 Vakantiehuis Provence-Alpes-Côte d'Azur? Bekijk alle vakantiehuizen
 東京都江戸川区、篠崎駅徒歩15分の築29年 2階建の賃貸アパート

________________________

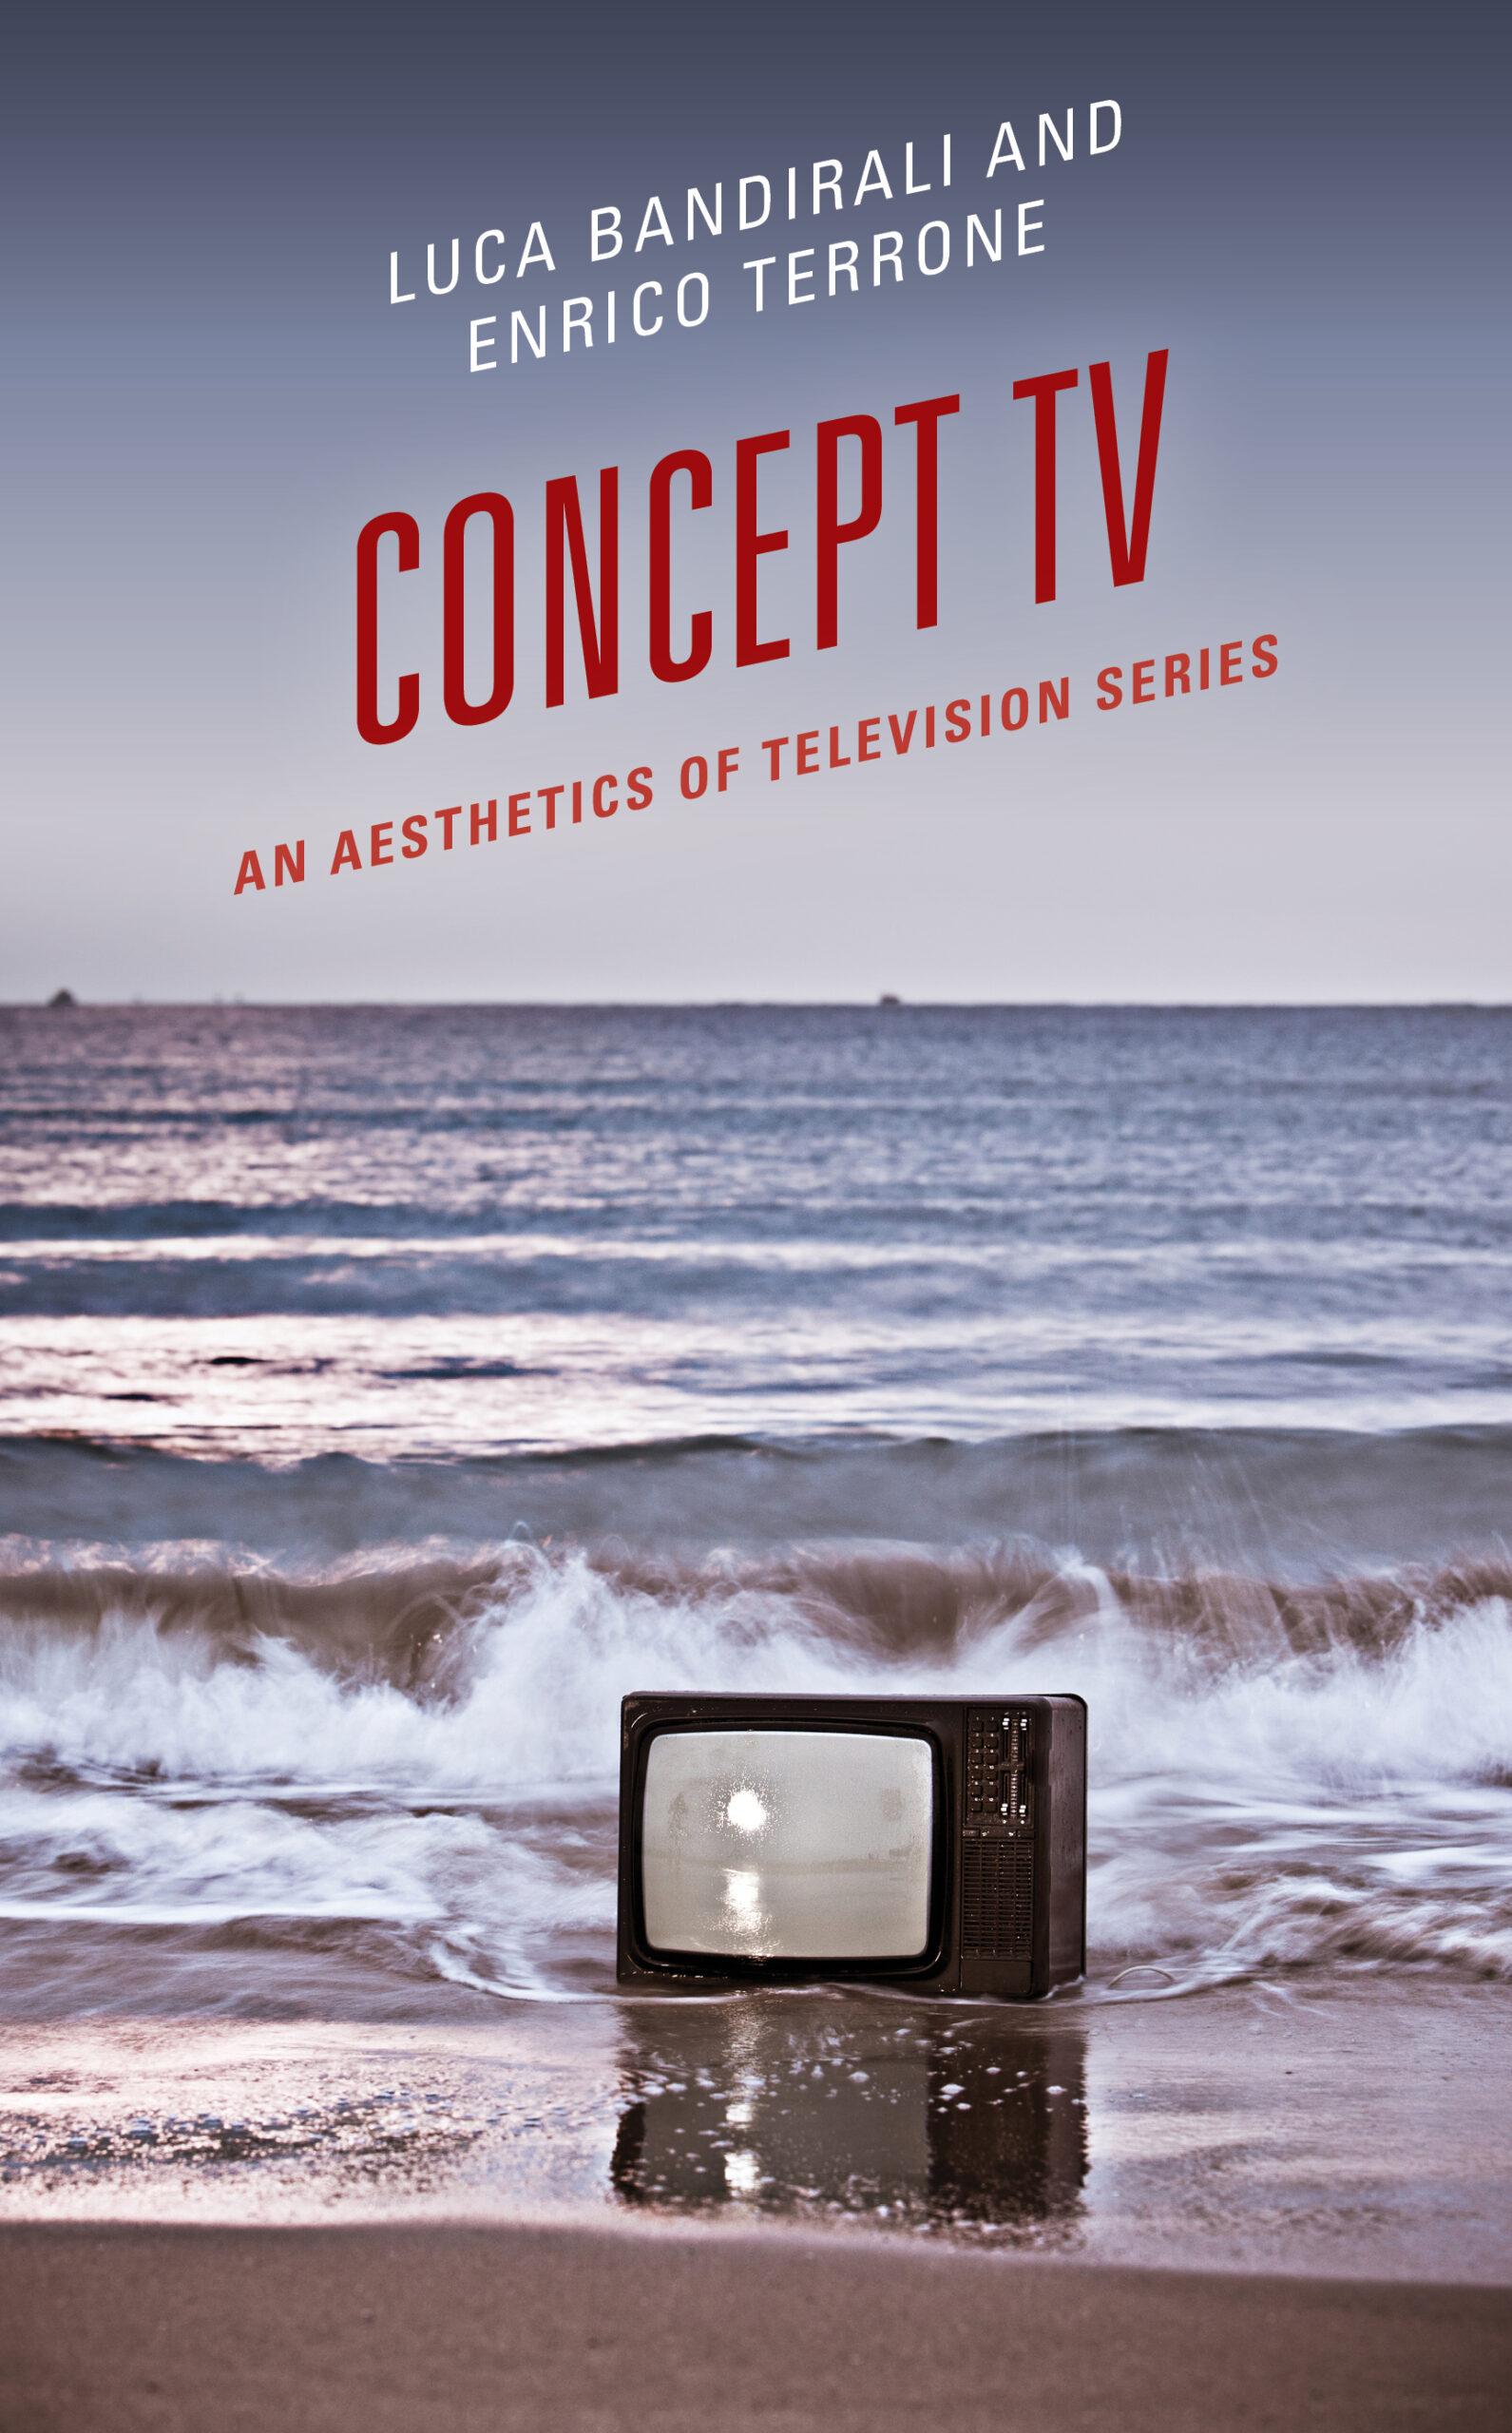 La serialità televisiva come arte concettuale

________________________

What the exercise asks
Look above for the line with "Vakantiehuis Provence-Alpes-Côte d'Azur?" and the line with "東京都江戸川区、篠崎駅徒歩15分の築29年 2階建の賃貸アパート". Retype those two lines and every line between them exactly, adding nothing.

Task response
 Vakantiehuis Provence-Alpes-Côte d'Azur? Bekijk alle vakantiehuizen
 東京都江戸川区、篠崎駅徒歩15分の築29年 2階建の賃貸アパート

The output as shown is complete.